Barueri cria ambiente que simula um lar e dá autonomia à pacientes com deficiência ou traumas

Um ambiente acolhedor com sala de estar, cozinha completa, quarto, banheiro e lavanderia. Essa descrição trata-se de um serviço especializado para pacientes que são atendidos pelo laboratório de Atividades Práticas de Vida (AVP) e Atividades de Vida Diária (AVD) do Centro Especializado em Reabilitação (CER), vinculado à Secretaria de Saúde. Eles simulam ambientes domésticos com o intuito de estimular pessoas com deficiência ou com mobilidade comprometida a resgatarem a própria autonomia.

Todo esse aparato conta com um terapeuta ocupacional que utiliza o espaço como um instrumento de intervenção terapêutico na realização de treinos de atividades diárias e práticas.

“Os pacientes são atendidos de acordo com suas potencialidades e estilo de vida. A escolha das atividades a serem treinadas é definida com base nas demandas do paciente e da família em conjunto com o terapeuta ocupacional de referência”, explica a terapeuta ocupacional Mariane Campopiano Abrahão Silva.

A área simulada é rica em detalhes e busca apresentar situações do cotidiano de forma segura para o paciente.
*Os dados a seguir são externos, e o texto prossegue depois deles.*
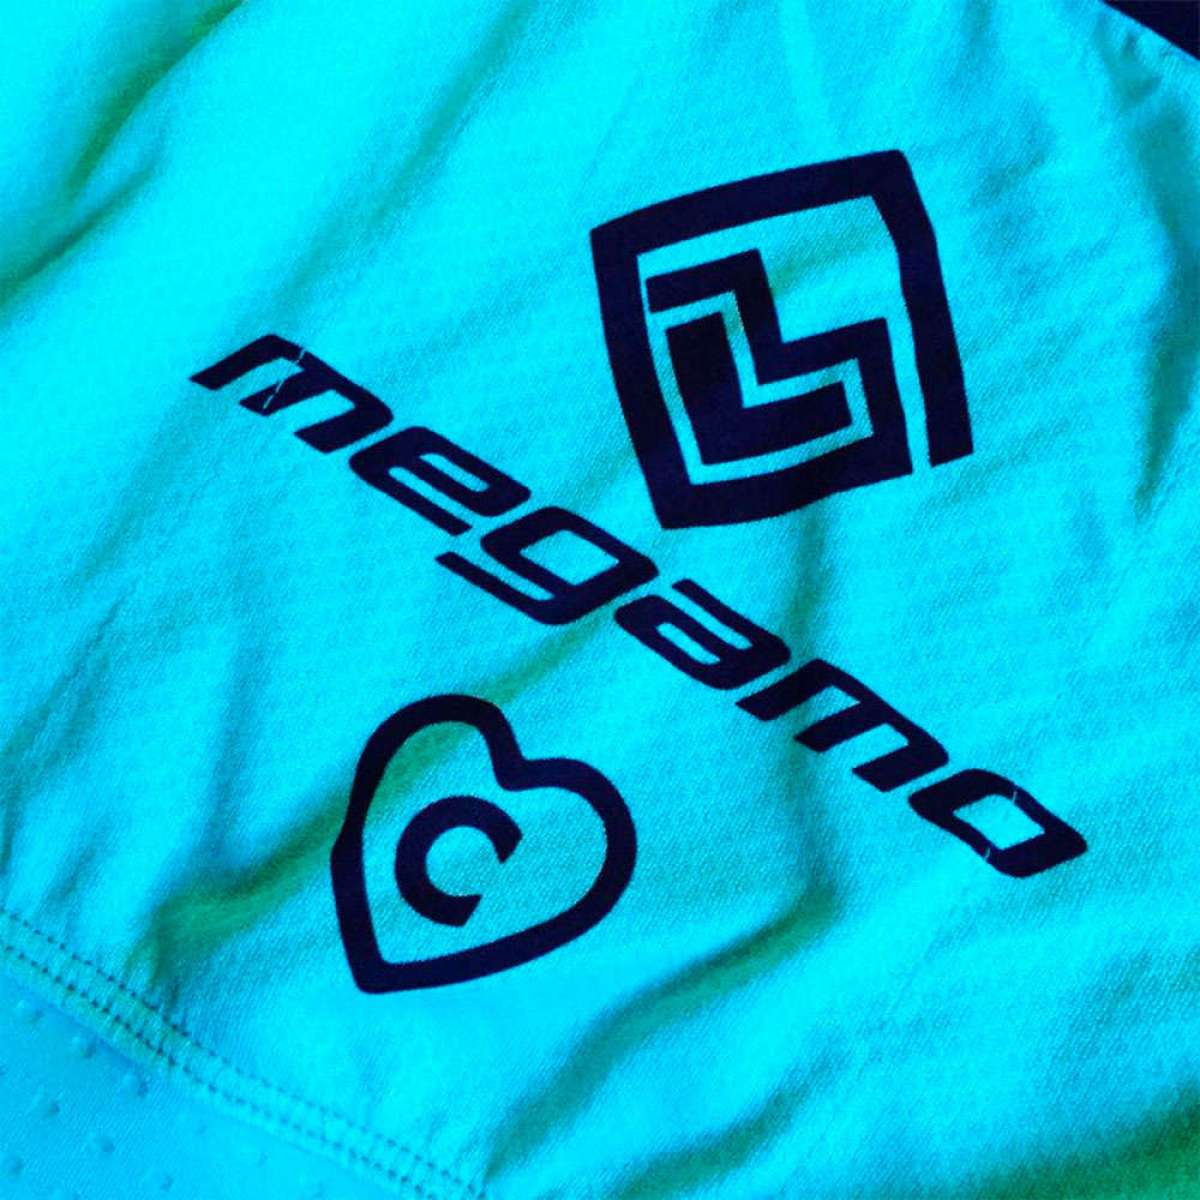 En TodoMountainBike: El Megamo UCI MTB Team ya es una realidad, con Clàudia Galicia y Jofre Cullell confirmados

O ambiente que simula a cozinha, além de geladeira, fogão e pia, possui também gabinetes, gaveteiros, talheres, pratos e tábua de corte. No quarto, onde o paciente treina movimentos de deitar-se e levantar-se da cama, também encontra guarda-roupa e penteadeira. A lavanderia tem tanquinho, varal, ferro e tábua de passar roupa; na sala de jantar tem mesa e cadeiras; a de estar possui poltrona reclinável; além de banheiros com e sem adaptação.

Vida diária
No laboratório de Atividades de Vida Diária são treinadas as ações do dia a dia, como acender as bocas do fogão, de se alimentar, fazer a barba e escovar os dentes; o manuseio de chaves, abrir torneiras, entre outras práticas que são, em alguns casos, adaptadas.
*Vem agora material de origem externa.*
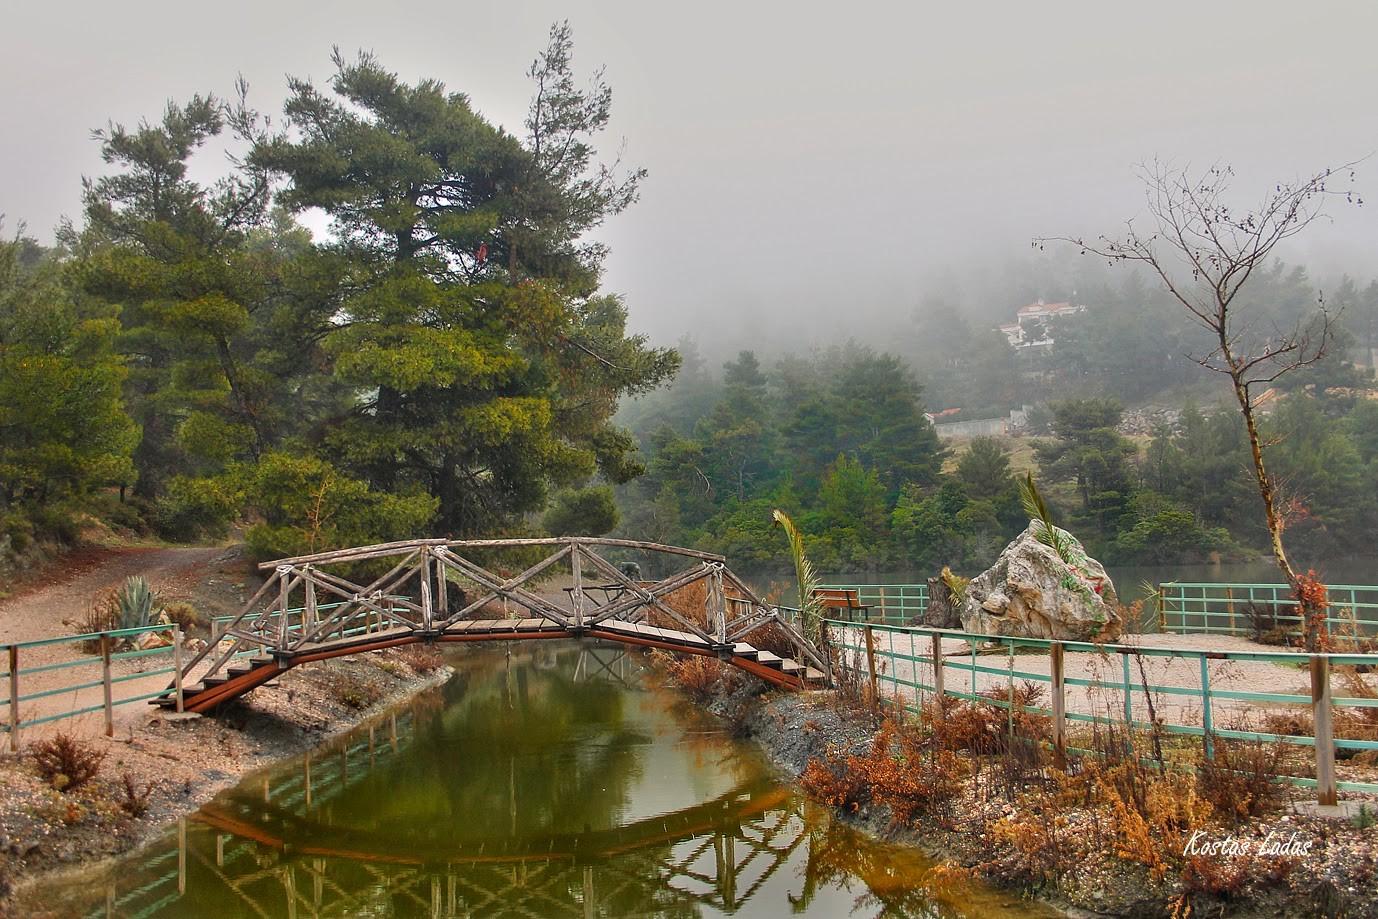 λίμνη μπελέτσι η όαση της Αθήνας

“É possível adaptar uma tábua de corte para um paciente que tem limitação de movimentos em um lado do corpo (no caso de diagnóstico de acidente vascular cerebral), confeccionar engrossadores de talheres e utilizar antiderrapantes embaixo do prato para que o mesmo consiga se alimentar com segurança e precisão”, detalha Mariane.

Vida prática

No caso do laboratório de Atividades de Vida Prática, outras habilidades são englobadas, estimulando soluções como a interatividade social e com o ambiente; a capacidade de utilizar meios de transporte; de utilizar meios de comunicação (telefone, celular, computador e tablet); planejamento e gerenciamento financeiro, cuidados com a própria saúde e a de terceiros, compras, entre outras. De forma gradual, e com direcionamento do terapeuta ocupacional, assim como a realização dos treinos que estimulam a autonomia e a independência do paciente, as habilidades e as dificuldades individuais são respeitadas.

Um passo de cada vez
“Quando o paciente consegue realizar as atividades com segurança e confiança no ambiente simulado, o orientamos e seu responsável quanto à reprodução das atividades no ambiente domiciliar, proporcionando ampliação da autonomia e empoderamento do paciente”, destaca a especialista.

É o caso de Antonio Onofre dos Santos, de 71 anos, que sofreu um acidente vascular cerebral (AVC) em setembro do ano passado e desde essa época é acompanhado pela equipe do CER no laboratório de AVP e AVD.

“Meu pai já consegue abotoar a camisa e sobe alguns degraus da escada sozinho. Quando ele foi encaminhado para o tratamento, estava na cadeira de rodas, hoje ele já anda com o apoio de muletas e isso para a família foi um grande avanço. O suporte que tivemos foi essencial”, relata a cabeleireira Denise Ane da Silva Santos Torres, filha do aposentado.